A multivehicle crash in a highway tunnel in southwestern Wyoming on Friday killed at least two people, injured several others and caused a fire that raged for hours as officials rushed to evacuate the passage, the authorities said.
The crash occurred at 11:37 a.m. under a snow-dusted hill in Green River, Wyo., according to the State Transportation Department. By 5 p.m., the tunnel, which leads traffic west on Interstate 80, had been evacuated and the scene had “been contained,” the department said in a statement.
It was not clear what had caused the crash or how many vehicles were involved, but one of them — a semi truck transporting transformers — had leaked oil, feeding the fire, said State Senator John Kolb, who represents the area.
Mr. Kolb said Friday evening that more than 10 people were receiving treatment for injuries, and that three area fire departments were still working to extinguish the blaze.
It was unclear when the tunnel might reopen.
“They’ve got really all hands on deck trying to control the situation,” Mr. Kolb said in an interview, adding that there was a “high likelihood of damage” to the tunnel.

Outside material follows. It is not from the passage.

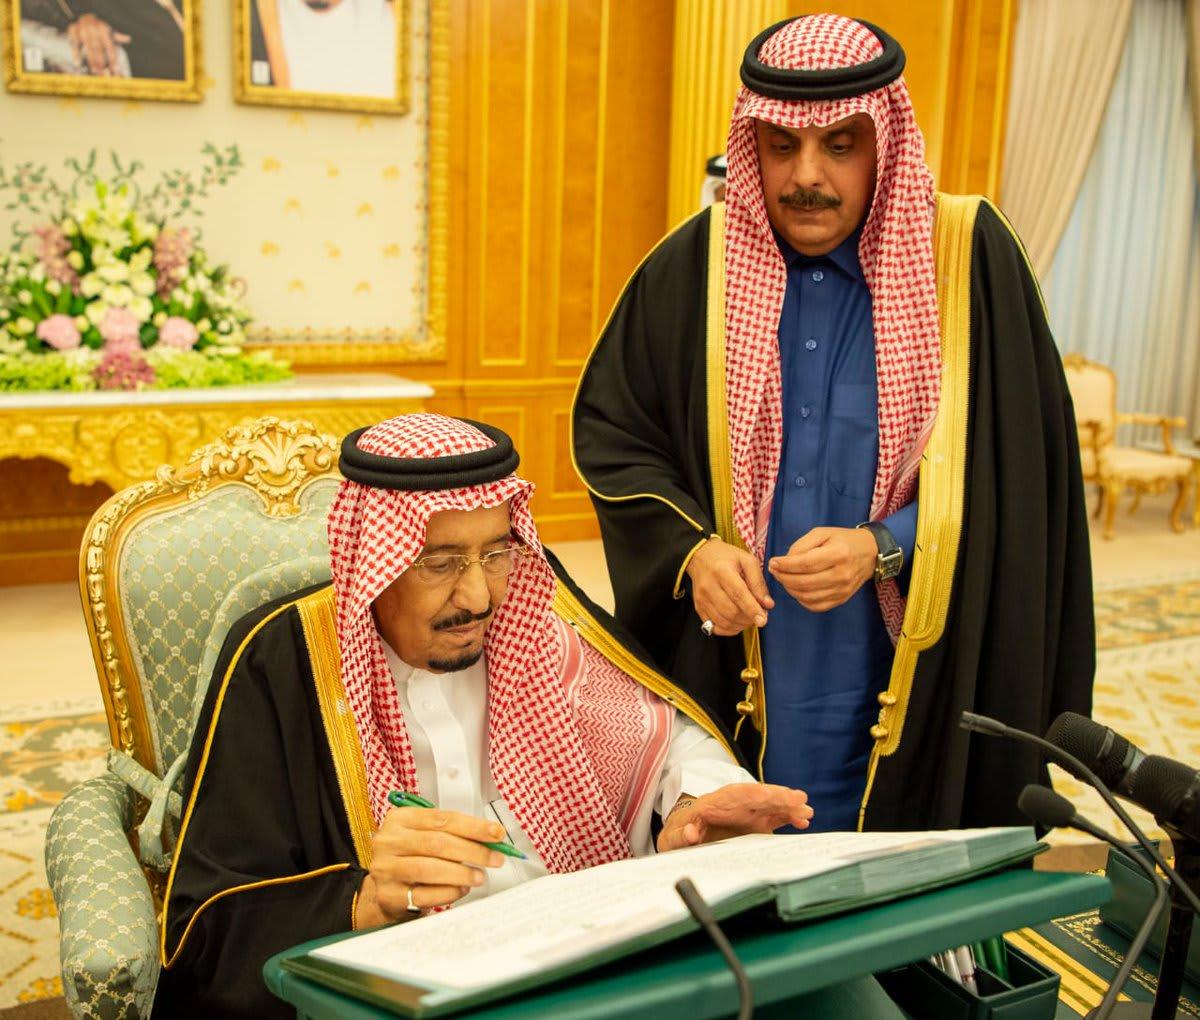 الأكبر في تاريخ المملكة.. الملك سلمان يعلن ميزانية السعودية لعام 2019

The Memorial Hospital of Sweetwater County in Rock Springs, Wyo., issued a statement on Friday afternoon urging people to “refrain from visiting the hospital” unless they were experiencing emergencies, citing the “mass casualty incident” at the tunnel. But the hospital said Friday evening that it had resumed regular operations.
The State Transportation Department also urged motorists to avoid the crash site, which is near mile marker 90 on Interstate 80. The highway’s eastbound tunnel lanes were being used by emergency responders, the patrol said.
Interstate 80, a common trucking route, runs from the George Washington Bridge in New Jersey to San Francisco.
Alyssa Vasey of Kemmerer, Wyo., was traveling west on Interstate 80 late Friday morning when traffic came to a standstill. At first the cause of the slowdown was not clear, she said, but then smoke started to unfurl out of the tunnel.
“At first it was just a little smoke,” Ms. Vasey, 30, said by phone. “And then it got darker and was going up toward the sky. And then it just started pluming out. There was a ton of it.”
As sheriffs rushed to the scene and vehicles on the crowded highway tried to pull out of their way, tremors rippled through ground under the highway.
“It took like 30 or 45 minutes for the explosions to stop,” she said. “Every few minutes, there would be another.”
It was not clear what had caused the explosions. Video from the scene showed a thick, dark column of smoke rising from the entrance to the tunnel as trucks idled on the freeway.
The two-lane tunnel runs about 1,200 feet and is about 15 miles east of Rock Springs.
Ms. Vasey described it as cramped. “It kind of makes you nervous,” she said. “When a semi’s next to you, there’s no room.”
Mr. Kolb, the state legislator, said the tunnel was “not something you get out of easily” in an emergency. Still, he said, the pileup was the region’s first mass injury event in memory.
Structural engineers were headed to the scene to evaluate the condition of the tunnel on Friday evening, said Stephanie Harsha, a spokeswoman for the State Transportation Department.